Radiofrequency Enhancer to Recover Signal Dropouts in 7 Tesla Diffusion MRI
Varun Subramaniam,
Andrew Frankini,
Ameen Al Qadi,
Mackenzie T. Herb,
Gaurav Verma,
Bradley N. Delman,
Priti Balchandani,
Akbar Alipour
Affiliations
Varun Subramaniam
Department of Diagnostic, Molecular and Interventional Radiology, BioMedical Engineering and Imaging Institute (BMEII), Icahn School of Medicine at Mount Sinai, New York, NY 10029, USA
Andrew Frankini
Department of Diagnostic, Molecular and Interventional Radiology, BioMedical Engineering and Imaging Institute (BMEII), Icahn School of Medicine at Mount Sinai, New York, NY 10029, USA
Ameen Al Qadi
Department of Diagnostic, Molecular and Interventional Radiology, BioMedical Engineering and Imaging Institute (BMEII), Icahn School of Medicine at Mount Sinai, New York, NY 10029, USA
Mackenzie T. Herb
Department of Diagnostic, Molecular and Interventional Radiology, BioMedical Engineering and Imaging Institute (BMEII), Icahn School of Medicine at Mount Sinai, New York, NY 10029, USA
Gaurav Verma
Department of Diagnostic, Molecular and Interventional Radiology, BioMedical Engineering and Imaging Institute (BMEII), Icahn School of Medicine at Mount Sinai, New York, NY 10029, USA
Bradley N. Delman
Department of Diagnostic, Molecular and Interventional Radiology, BioMedical Engineering and Imaging Institute (BMEII), Icahn School of Medicine at Mount Sinai, New York, NY 10029, USA
Priti Balchandani
Department of Diagnostic, Molecular and Interventional Radiology, BioMedical Engineering and Imaging Institute (BMEII), Icahn School of Medicine at Mount Sinai, New York, NY 10029, USA
Akbar Alipour
Department of Diagnostic, Molecular and Interventional Radiology, BioMedical Engineering and Imaging Institute (BMEII), Icahn School of Medicine at Mount Sinai, New York, NY 10029, USA
Diffusion magnetic resonance imaging (dMRI) allows for a non-invasive visualization and quantitative assessment of white matter architecture in the brain by characterizing restrictions on the random motion of water molecules.
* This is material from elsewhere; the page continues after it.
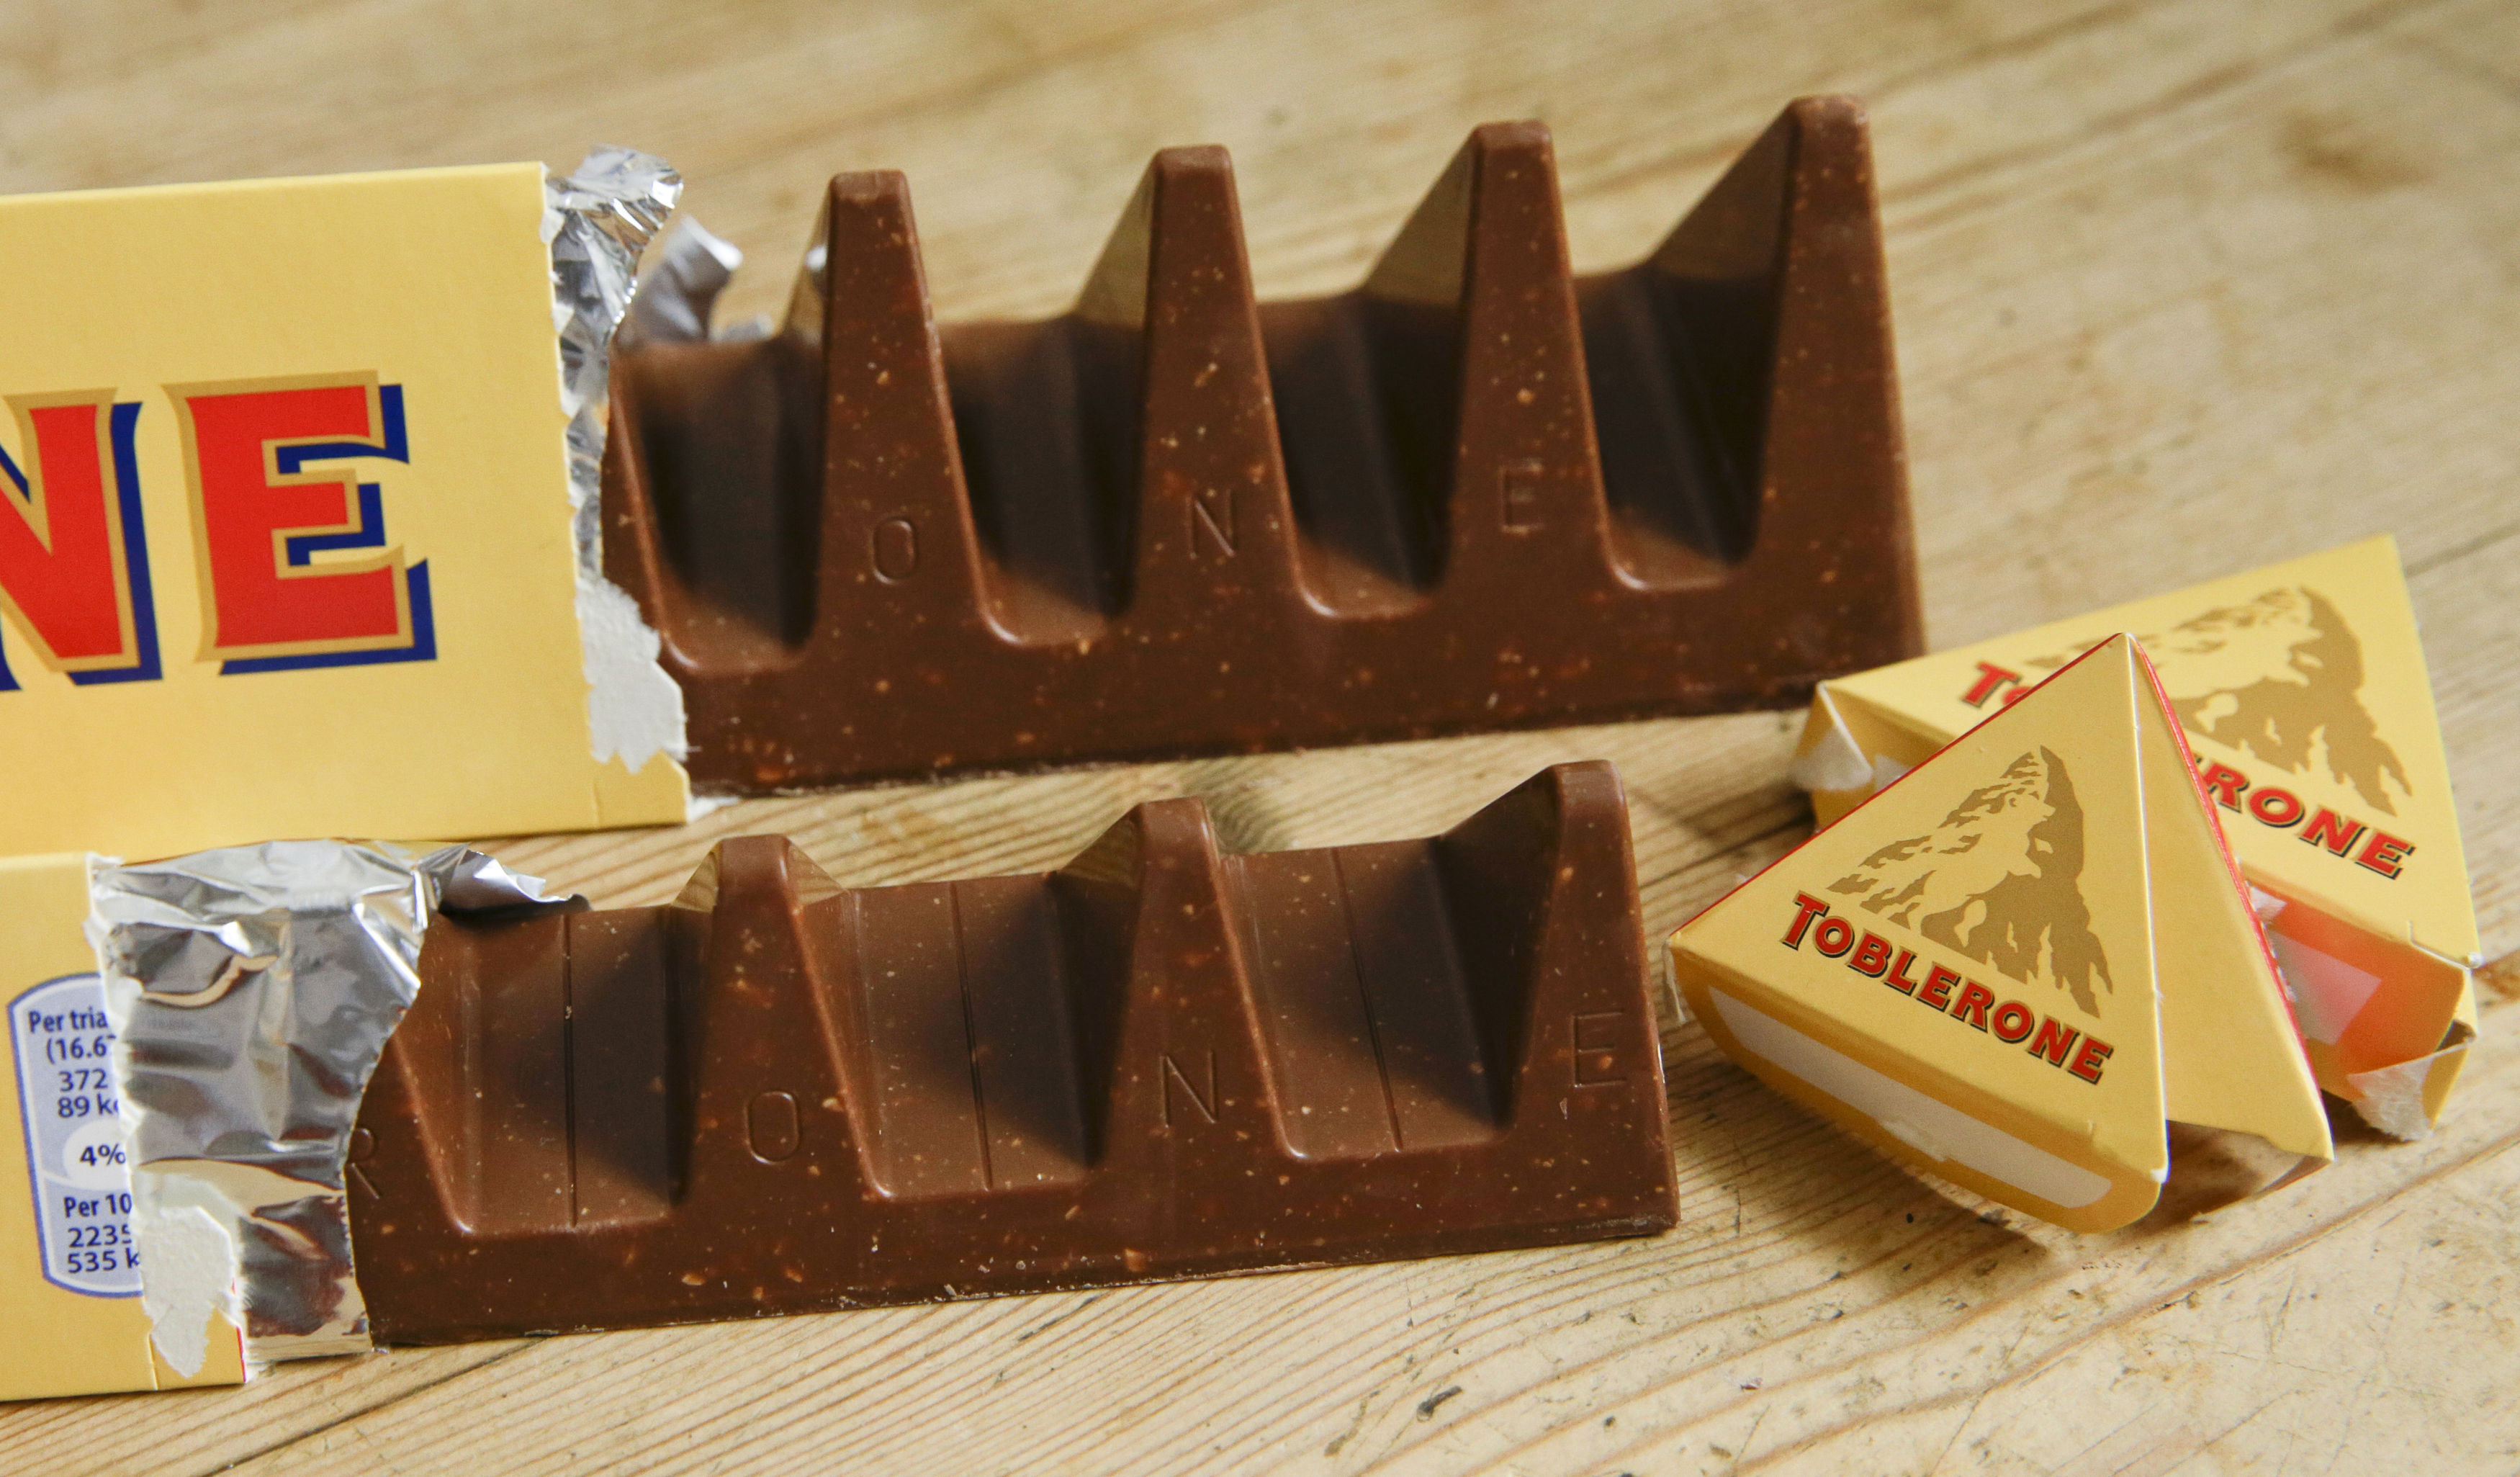 The new style of Toblerone (front) and the old (background)

Ultra-high field MRI scanners, such as those operating at 7 Tesla (7T) or higher, can boost the signal-to-noise ratio (SNR) to improve dMRI compared with what is attainable at conventional field strengths such as 3T or 1.5T. However, wavelength effects at 7T cause reduced transmit magnetic field efficiency in the human brain, mainly in the posterior fossa, manifesting as signal dropouts in this region. Recently, we reported a simple approach of using a wireless radiofrequency (RF) surface array to improve transmit efficiency and signal sensitivity at 7T. In this study, we demonstrate the feasibility and effectiveness of the RF enhancer in improving in vivo dMRI at 7T. The electromagnetic simulation results demonstrated a 2.1-fold increase in transmit efficiency with the use of the RF enhancer. The experimental results similarly showed a 1.9-fold improvement in transmit efficiency and a 1.4-fold increase in normalized SNR. These improvements effectively mitigated signal dropouts in regions with inherently lower SNR, such as the cerebellum, resulting in a better depiction of principal fiber orientations and an enhanced visualization of extended tracts.